The JPML is a seven-judge panel with authority to transfer cases involving common factual questions to a single district for consolidated pretrial proceedings. But Nofal argues that displaced litigants "lose valuable legal strategy" and have limited options when faced with an adverse court order. He has lots of interesting details and statistics on the JPML—something I knew fairly little about. He argues that the JPML escapes meaningful appellate supervision—the circuits have mandamus authority, but it is shared among the circuits under a unique time-splitting scheme. And he also criticizes what he terms the "transitory forum loophole," whereby defendants may benefit from law in the transferee forum rather than the plaintiff's chosen forum.

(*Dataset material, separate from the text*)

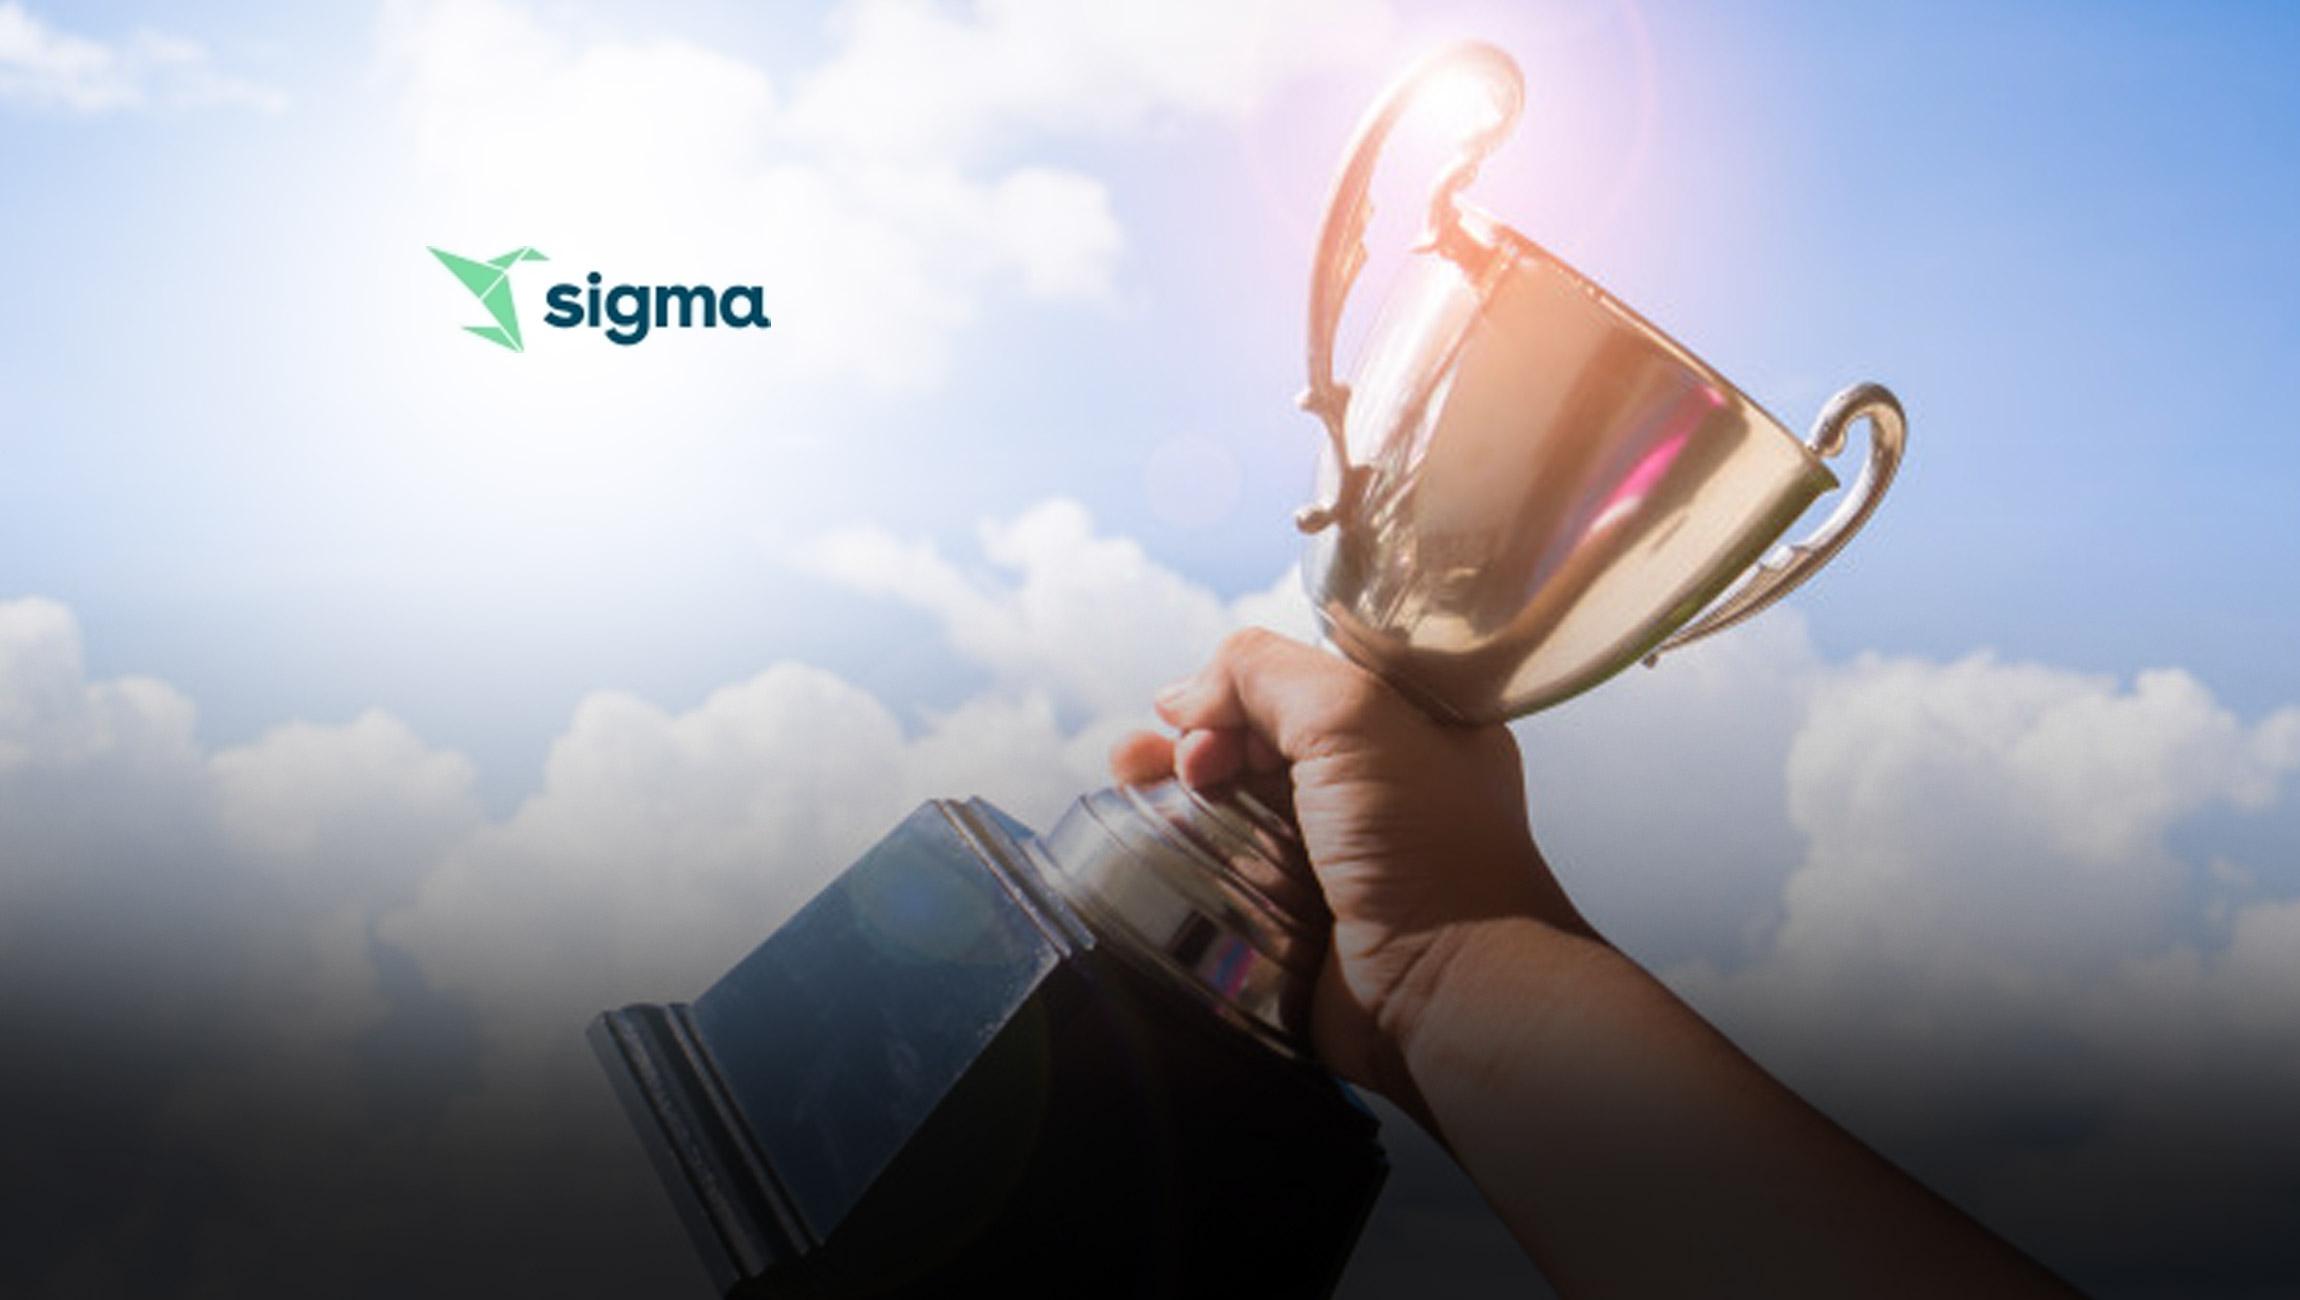 Sigma-Computing-Wins-2021-BIG-Innovation-Award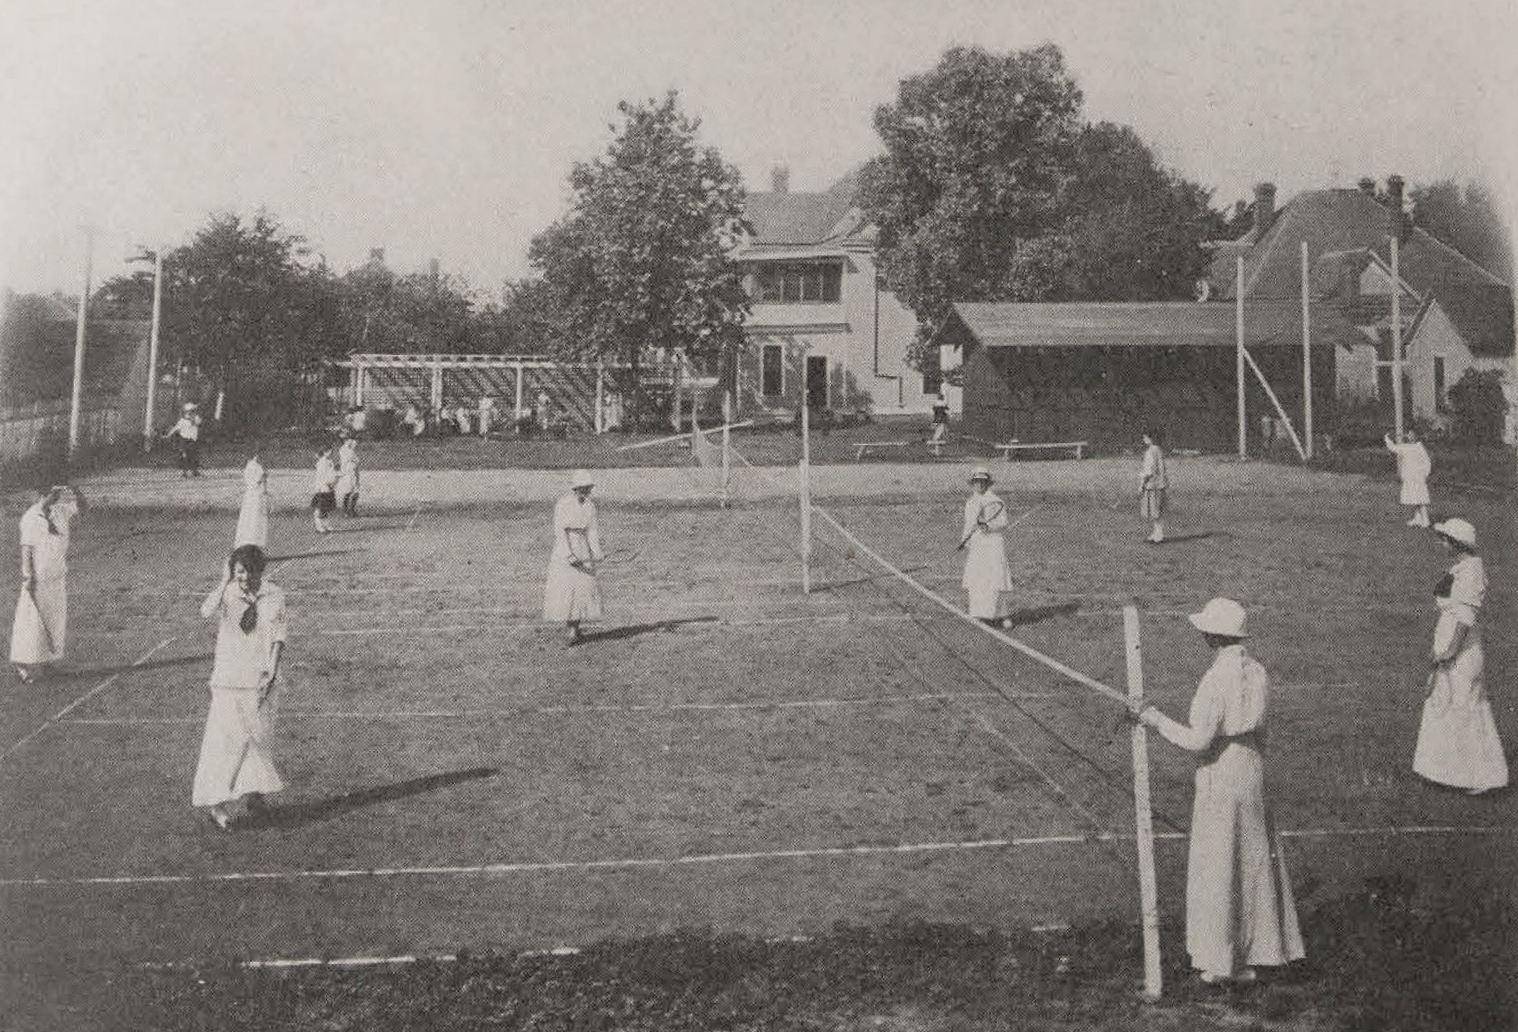 dallas-educational-center_hockaday_tennis_ca-1916_degolyer-library_smu

Nofal next turns to the Federal Circuit. While the creation of this court may have made patent law more consistent and patent decisions more expedient, Nofal argues that its de novo review of claims raises costs for patent litigants and that its "myopic" and "formalistic approach" is "antithetical to the concept of individualized justice because it fails to perceive how judicial rulings affect innovation, society, or the parties to a suit."
Nofal argues that both of these problems could be addressed by giving the Federal Circuit exclusive jurisdiction over pre- and post-JPML transfer orders:
Much like The Odd Couple, the Federal Circuit and JPML can benefit each other in various ways. The Federal Circuit can draw on its successful unification of patent law to harmonize [multi-district ltigiation (MDL)] jurisprudence, and harmonizing MDL jurisprudence can enable the Federal Circuit to speak on issues outside its patent law jurisprudence.Would this work? I don't know enough about the JPML to know if there is a problem, or if Nofal's solution would address it, but his article makes me want to learn more. And I think his adjustment to Federal Circuit jurisdiction is an interesting twist on Paul Gugliuzza's Rethinking Federal Circuit Jurisdiction, which argued that patent law would benefit from changing the Federal Circuit's non-patent jurisdiction, and particularly by adding non-patent commercial cases. (Sarah Tran and her students blogged here about Gugliuzza's article and the ensuing debate in the Georgetown Law Journal.)